Part of the debate – in the Senedd at 6:20 pm on 8 February 2023.
Well, certainly it has been an illuminating, if somewhat dispiriting debate in its conclusion, with the remarks of the Minister, but I'd like to thank all Members who contributed to it. Peter Fox is a reasonable man—I'm not sure that I can say that more broadly, it has to be said—but I think the central point here, Peter, is this: if we have these powers, there's no point having powers if they're incredibly difficult to use. And, at the moment, with devolving rates but not bands, it means we don't really have the ability to use the powers to the full. And that's, really, the reasonable demand. And you can make your case in terms of your aspirations as to how to use them and we'll make ours, but isn't that how democratic accountability is meant to work? And that's, essentially, the core point that my colleague Luke Fletcher was making, that fiscal policy is critical to being a parliament, isn't it? We need to be accountable to the communities that we're meant to serve and, at the moment, without these full powers, we're not able to do that.
I agree with Mike—I should have taken an intervention now, Mike; I apologise. You referred to asymmetric devolution, and let's remember that the policy that we are seeking to get a Labour Government to adopt here was a Labour proposal. Through the Vow, through the Smith commission, this was a Labour policy, a Labour proposal, and yet here in Wales, with the one Government that the Labour Party runs, they're opposing it. I think you're right, Mike, as well, that there's a wider agenda. We've got to look at dividend income, income from savings, et cetera. I think we've got to look at capital gains tax as well to make sure that, when you devolve the powers and use them, there aren't actually loopholes. I'll be kind like you and talk about tax avoidance, rather than anything else. So, let's look at that and let's look at the interrelationship with national insurance as well, as the Scottish Government are calling for.
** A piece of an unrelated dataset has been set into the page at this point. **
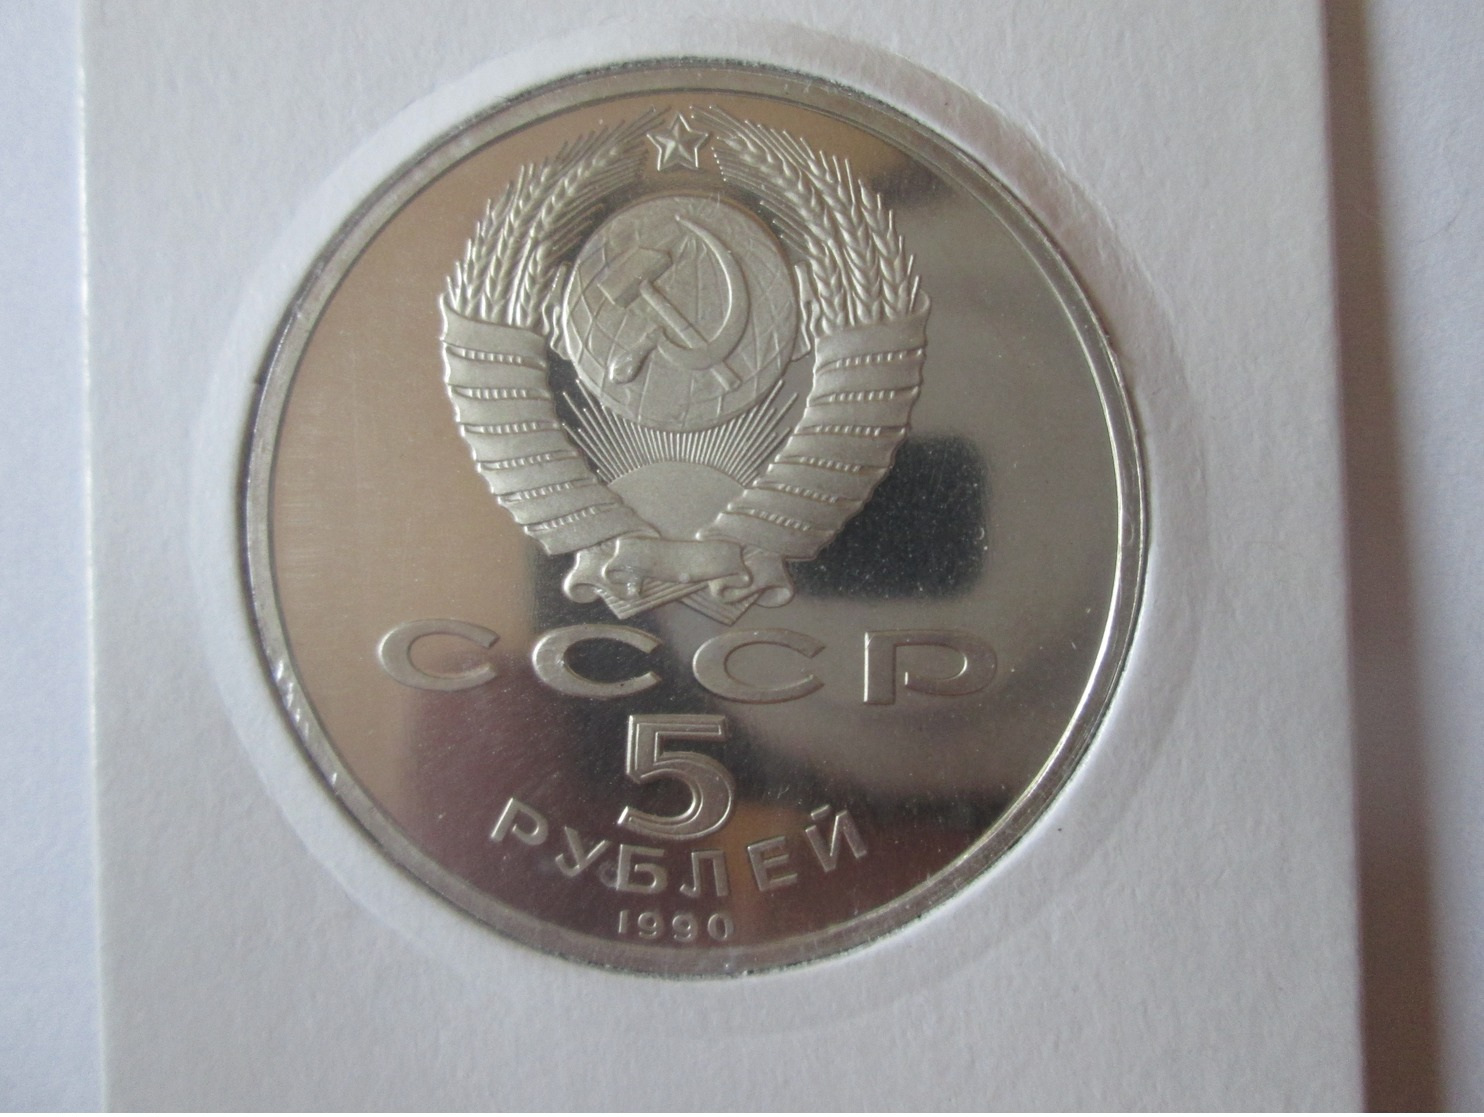 USSR/Russia 5 Rubles 1990 Proof Coin-Erevan/Armenia - Russia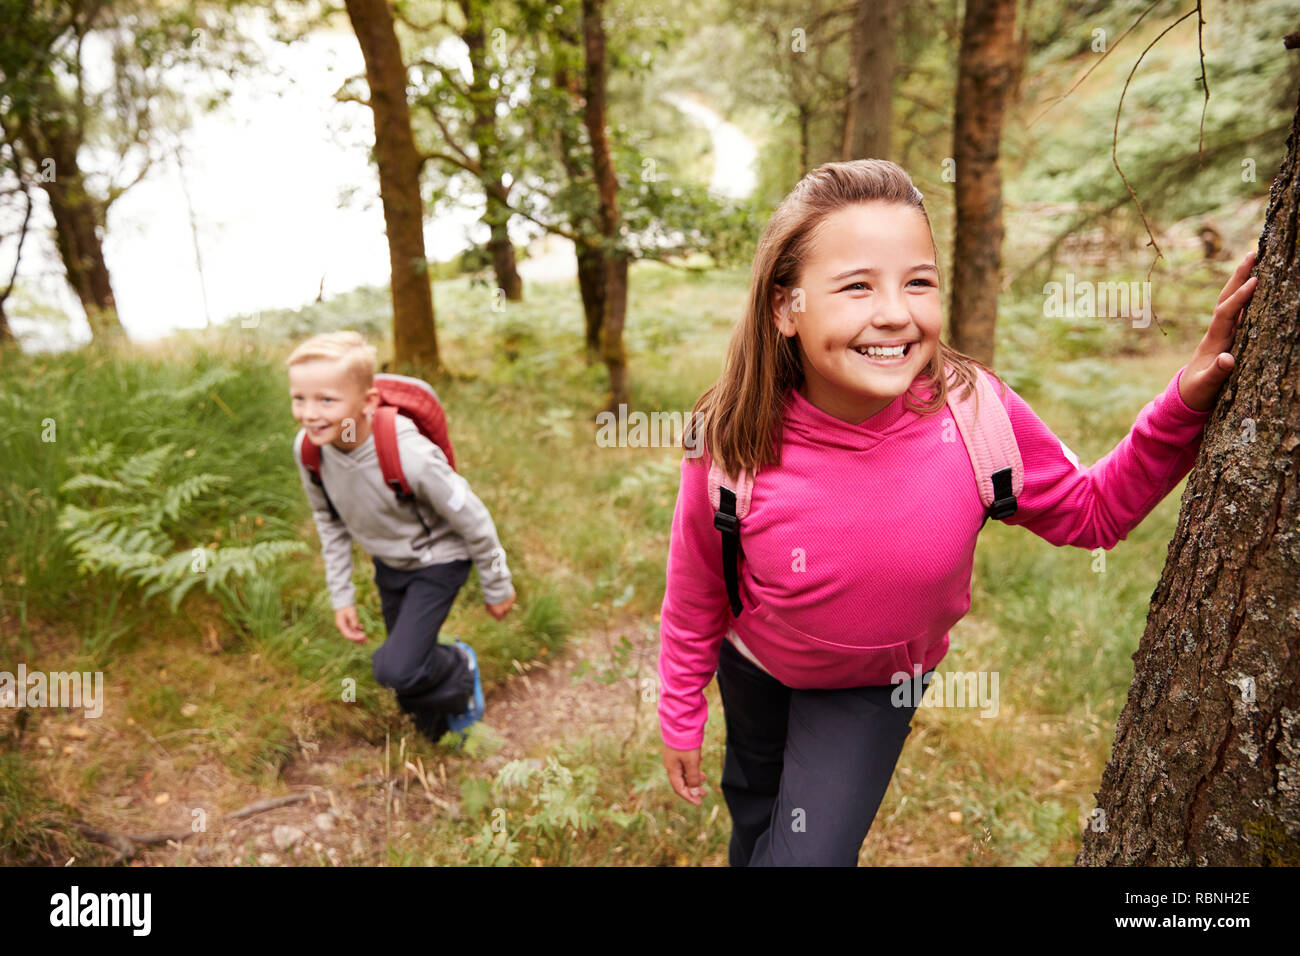 Pre-teen girl taking a break leaning on a tree in a forest, her brother in the background Stock Photo

Sioned Williams is right that, in the Basque Country, we see more devolution there of tax powers. In fact, even the provincial councils of Gipuzkoa and Bizkaia arguably have more formal tax powers than we have here. So, certainly we're outside of the mainstream, aren't we? Even now, even after 20 years and more of devolution in this hugely centralised UK state. And that's the core of this motion, to try to liberate ourselves from that.
I'd like to say that Delyth Jewell reminded us that we need to break this negative right-wing narrative around tax and public expenditure. The Labour leadership at Westminster and more broadly is falling into a trap here, I think, in the kind of language that it's using, because ultimately, instead of talking just about tax burdens, we need to talk about tax levers, about tax tools and tax instruments, because taxation ultimately, revenue, is the means by which we actually generate the basis for public expenditure, to do everything that we do in this place for the people that we represent, and we should make that positive case.
That's why we should have the powers, and that's why I was so disappointed by the response of the Government—a Government that has talked about radical federalism. There is nothing in the policy that the Minister has announced, rejecting this, that you could describe as either 'federalist' or 'radical'. There are two adjectives that I can apply to what I hear from the Minister, which are 'conservative' and 'unionist'. Where is the vision for the future—? [Interruption.] Well, you'll be voting with the Conservatives on this motion, won't you, in rejecting our position? Because you do not essentially accept the case that we have set out, that unless we actually have full devolution, we are not going to be able to meet the challenge that we have set ourselves in creating the kind of decent society—. And I don't see it; where is the radicalism in your constitutional vision for Wales, based on what the finance Minister has said to us?